Ho dedicato dieci anni della mia vita all’unico intento di mettermi in condizione di giudicare correttamente l’arte, applicandomi con la stessa fatica intensa e continuativa cui generalmente gli uomini si sottopongono per ottenere una posizione o accumulare una fortuna (...) ho rinunciato a gran parte della mia vita per questo obiettivo, con il desiderio sincero di definire, ed essere in grado di insegnare, la verità riguardo all’arte; nonché di sapere che questa verità, con tempo e fatica, poteva essere definita".Così nella prefazione del terzo volume di Modern Painters John Ruskin dichiarava l’impegno critico, didattico e morale insieme, che è sotteso alla sua impresa più notevole.

Concepito inizialmente come difesa di Turner, il primo volume (1843) si trasforma subito in più ampia rivendicazione dell’alto valore della pittura di paesaggio. Le opere di Turner, mentre, analizzate singolarmente, offrivano la possibilità di verificare in concreto le virtù e verità proprie dell’arte, testimoniavano anche nel loro complesso il rango cui poteva assurgere la pittura di paesaggio, quando questa non fosse intesa quale mero trastullo od occasione per proporre immagini piacevoli (come era accaduto nella tradizione picturesque), ma quale ispirata testimonianza delle verità della natura, quindi della volontà del suo Creatore. Ne scaturiva una lezione morale per l’artista, per il critico, per il pubblico.

Fin d’ora il progetto era però ben più ambizioso. Già nell’autunno del 1843, Ruskin confessava che, con il volume pubblicato pochi mesi prima, aveva solo inteso togliere il terreno sotto i piedi degli avversari, dimostrando la veridicità di Turner contro l’accusa ricorrente di non essere simile alla natura, e già prevedeva una continuazione in cui avrebbe meglio approfondito le tematiche del bello e dell’immaginazione. A queste infatti fu dedicato il secondo volume (1846), suddiviso in un’analisi sistematica delle due grandi facoltà della mente, la facoltà teoretica, cioè quella facoltà "che si occupa della percezione morale e dell’apprezzamento delle idee di bellezza", e la facoltà immaginativa, esercitata "riguardando e combinando in un dato modo le idee ricevute dalla natura esteriore". E nell’ambito delle idee di bellezza distingue la bellezza tipica, le cui qualità, osservabili nei fenomeni naturali, sono abbinate ad altrettanti attributi divini, e la bellezza vitale, intesa come "il visibile manifestarsi del felice compimento della propria funzione nelle cose viventi in generale, e in particolare dell’esercizio gioioso e giusto della vita perfetta, nell’uomo".

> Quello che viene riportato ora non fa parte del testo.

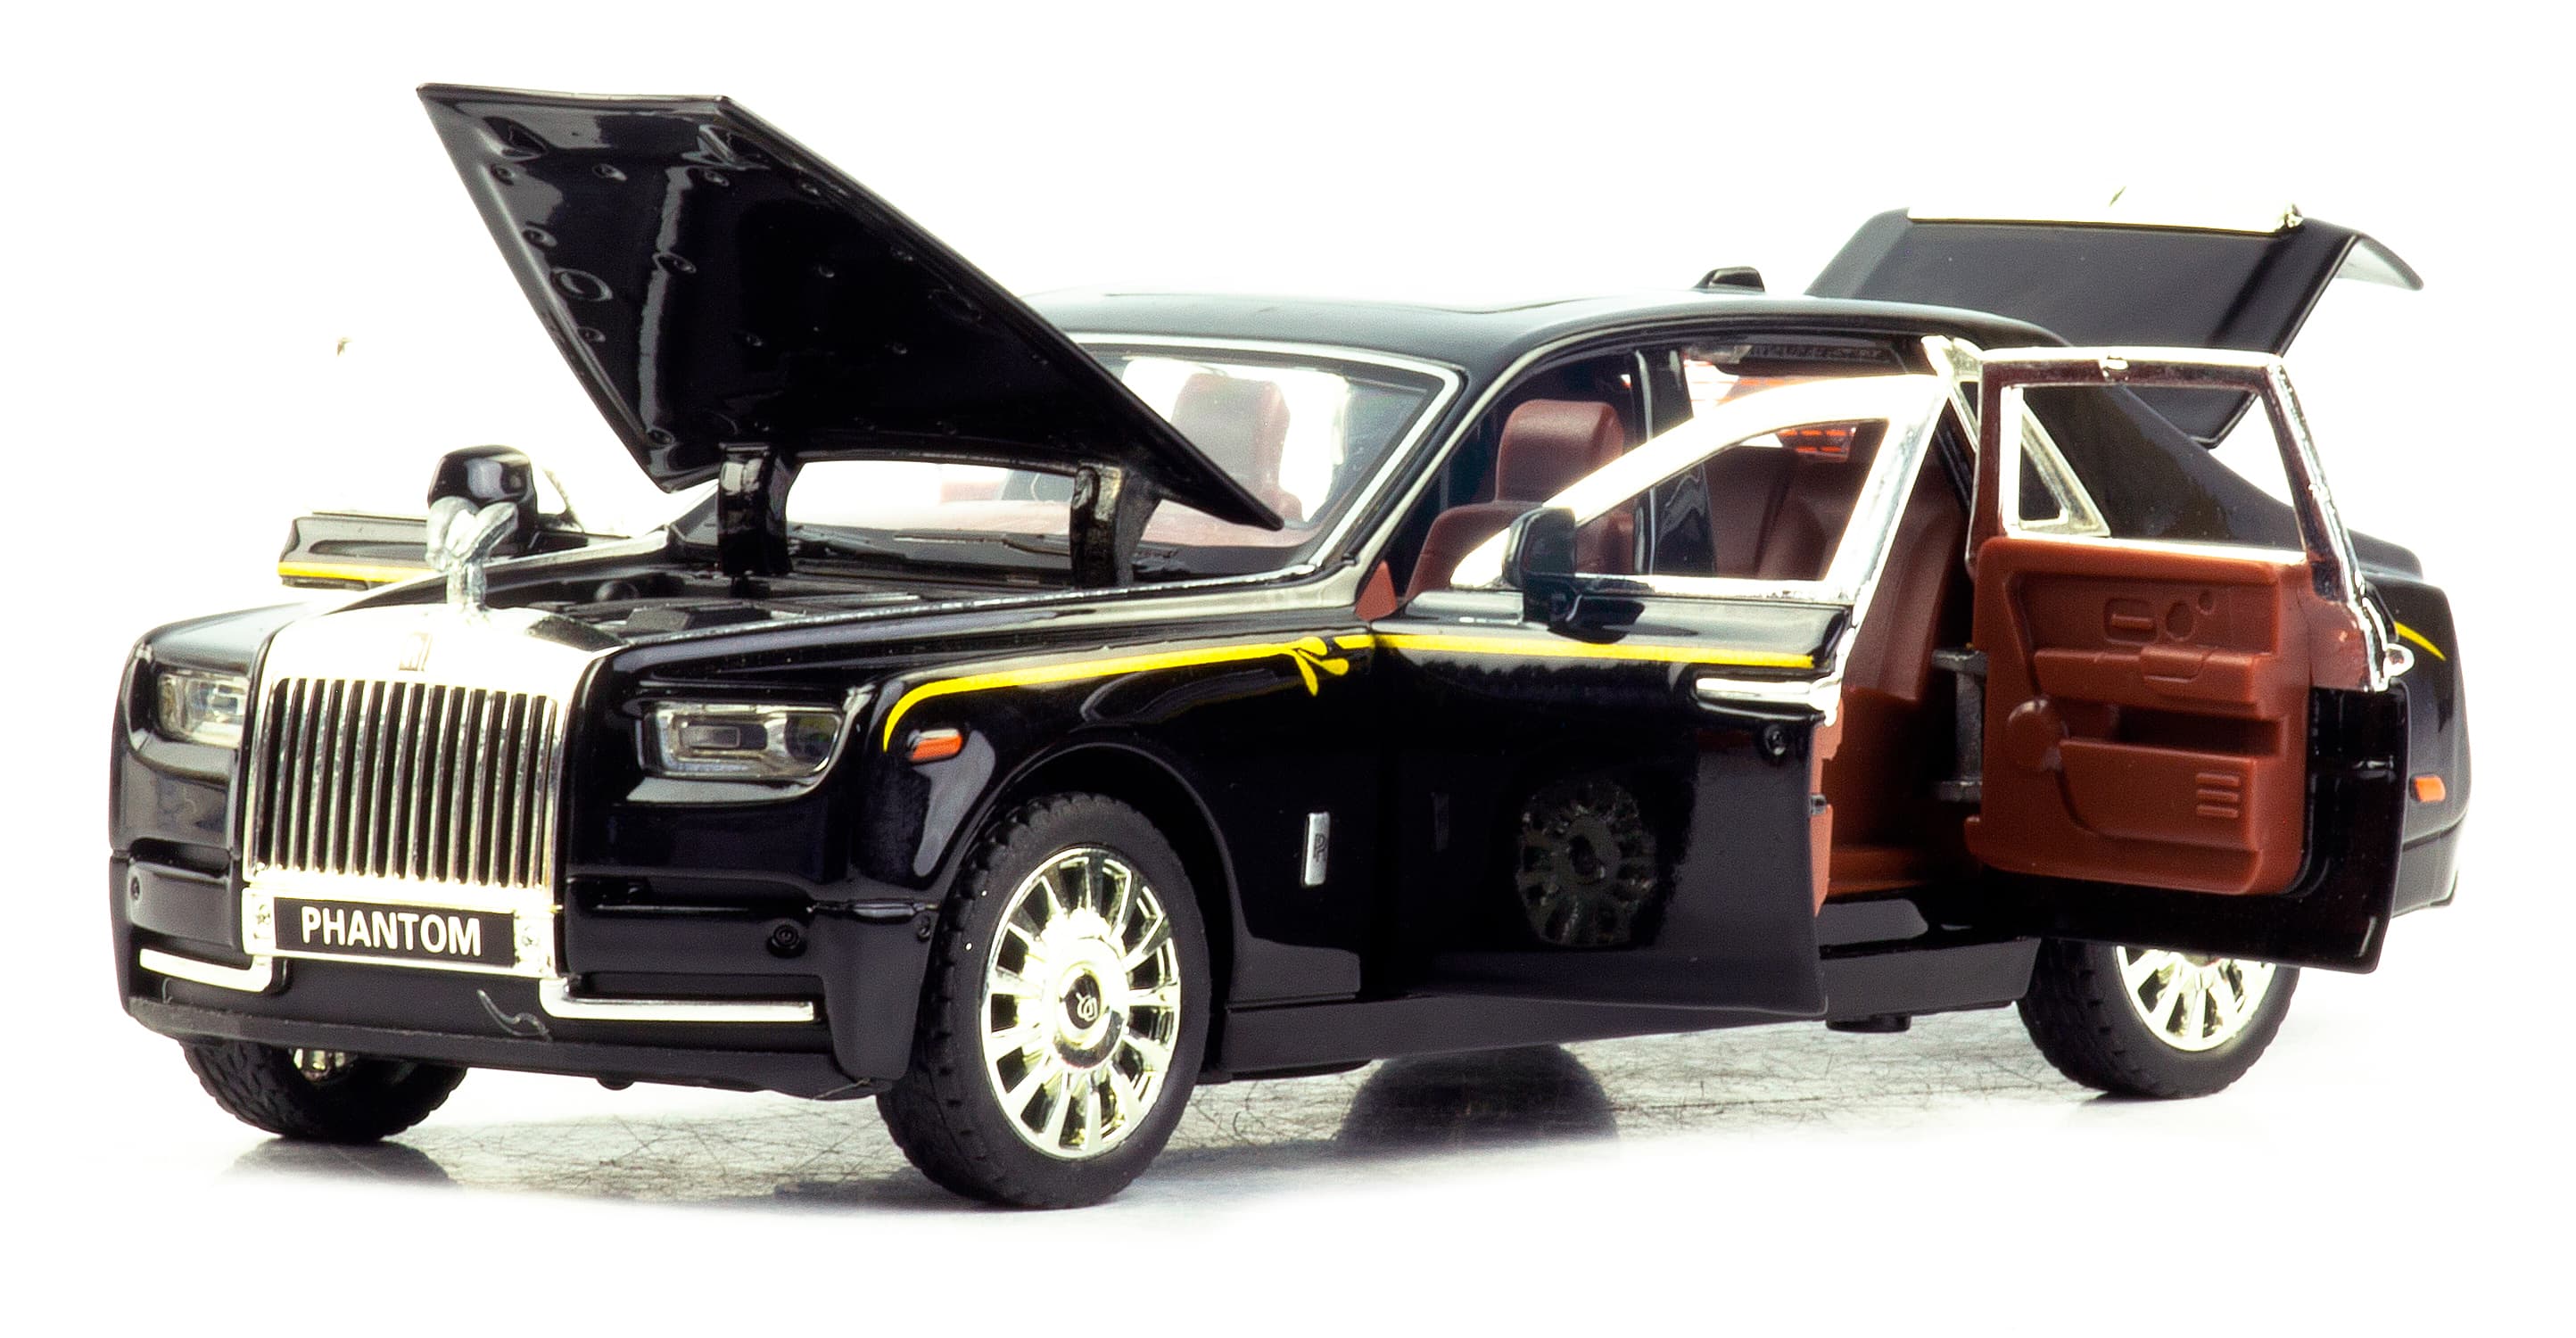 Металлическая машинка Newao Model 1:32 «Rolls-Royce Phantom» XA3229B, 17 см., инерционная, свет, звук / Микс

Il passaggio dalle "idee di verità" affrontate nel primo volume alle "idee di bellezza" è contrassegnato anche da nuove scelte esemplificative, basate sulla recente scoperta, avvalorata nel viaggio italiano del 1845, dei primitivi e di Tintoretto. E mentre questi diventa ora campione di quella particolare accezione (evocativa e non analitica) dell’immaginazione che è l’immaginazione penetrativa, i primitivi e in particolare i loro paesaggi sono discussi a proposito della raffigurazione dell’idealità divina: questa necessita di certe modificazioni, come sono appunto i caratteri di ordine e simmetria perfetti, "tali da poter sembrare compatibili con la natura spirituale che rappresentano, o da essa indotti", adottati dai pittori religiosi nei loro paesaggi.

Già dai primi due volumi si ricava l’impressione di un’opera in fieri, in grado, proprio per la sua struttura non codificata, di raccogliere suggestioni nuove e di rielaborarle all’interno di uno schema concettuale piuttosto elastico.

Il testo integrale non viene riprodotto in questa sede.